Koizumi returned to the national spotlight in October 2013, after seven years of largely avoiding attention, when he gave a speech to business executives in Nagoya in which he stated: "We should aim to be nuclear-free... If the Liberal Democratic Party were to adopt a zero-nuclear policy, then we'd see a groundswell of support for getting rid of nuclear energy." He recalled Japan's reconstruction in the wake of World War II and called for the country to "unite toward a dream of achieving a society based on renewable energy."[5]

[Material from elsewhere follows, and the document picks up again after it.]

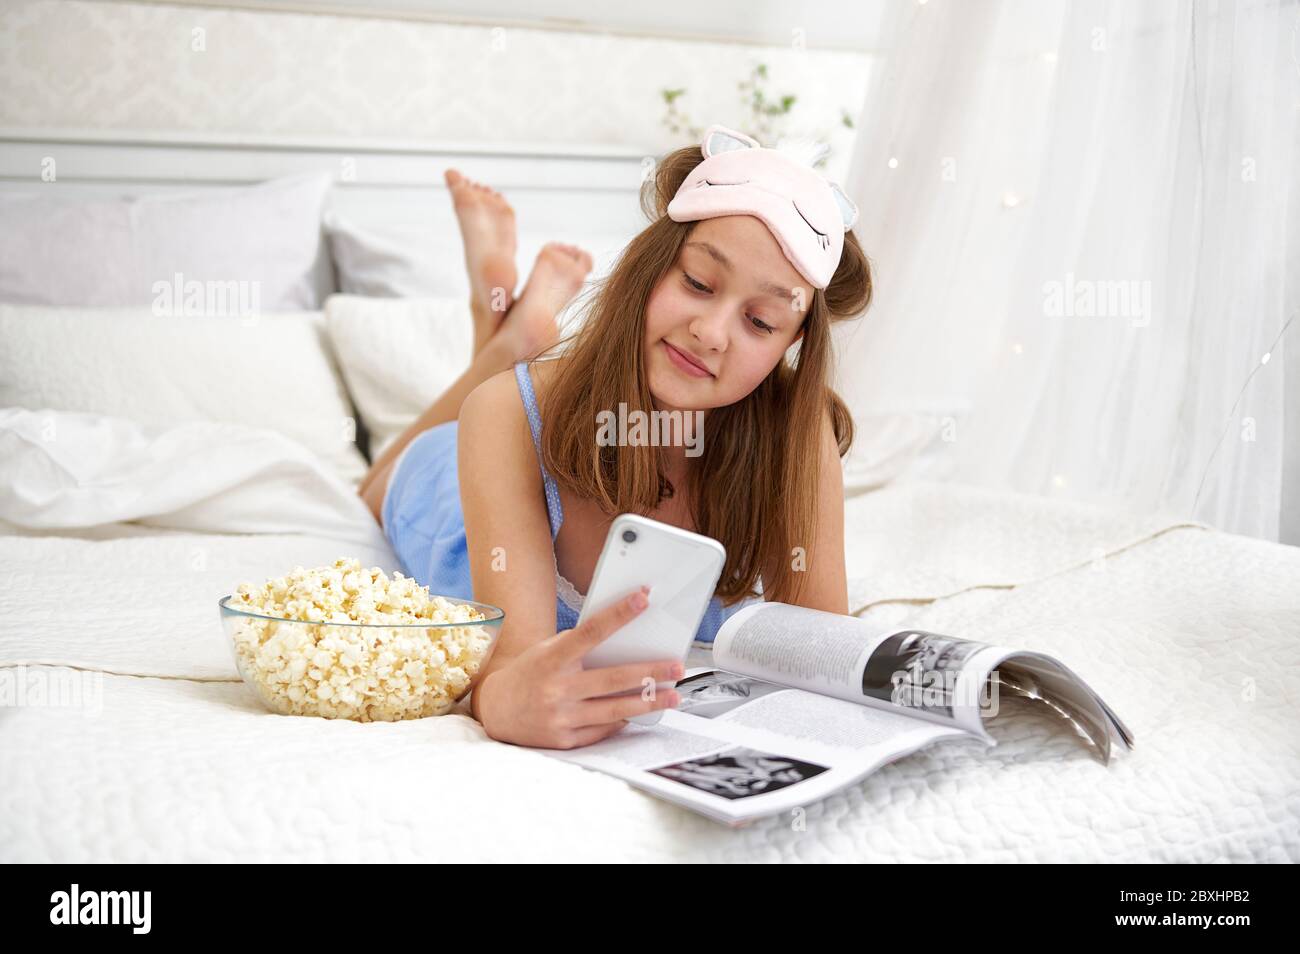 A young girl lies in bed after sleeping and browses social networks on the phone. Free time outside of school. Quarantine life. Stock Photo

Koizumi had been a proponent of nuclear power throughout his term as prime minister, and was one of the first pro-nuclear politicians to change his stance on the issue in the wake of the Fukushima disaster of 2011. His dramatic remarks were widely covered in the Japanese media, with some tabloids speculating that he may break away from the LDP to form a new party with his son Shinjiro.[5] Economy Minister Akira Amari characterized Koizumi's stance as pure but simplistic, while other LDP administration officials downplayed the potential impact of Koizumi's views. Former prime minister Naoto Kan, however, expressed hope that Koizumi's status as then-Prime Minister Shinzo Abe's "boss" would help put pressure on the government to minimize or eliminate nuclear power in Japan.[28]

Koizumi defended his change of stance, stating in November that "it is overly optimistic and much more irresponsible to think nuclear power plants can be maintained just with the completion of disposal facilities... We had failed to secure sites for final disposal even before an accident occurred," concluding that "it's better to spend money on developing natural energy resources—citizens are more likely to agree with that idea—than using such large amounts of expenses and energy to advance such a feckless project [as nuclear power]."[29] He explained that in August, he had visited a nuclear waste disposal facility in Finland, where he learned that nuclear waste would have to be sealed up for 100,000 years. A poll by the Asahi Shimbun in November 2013 found that 54% of the public supported Koizumi's anti-nuclear statements.[30] Koizumi told one reporter that he felt lied to by the Federation of Electric Power Companies of Japan, which characterized nuclear power as a safe alternative to fossil fuels, stating that "we certainly had no idea how difficult it is to control nuclear energy."[27]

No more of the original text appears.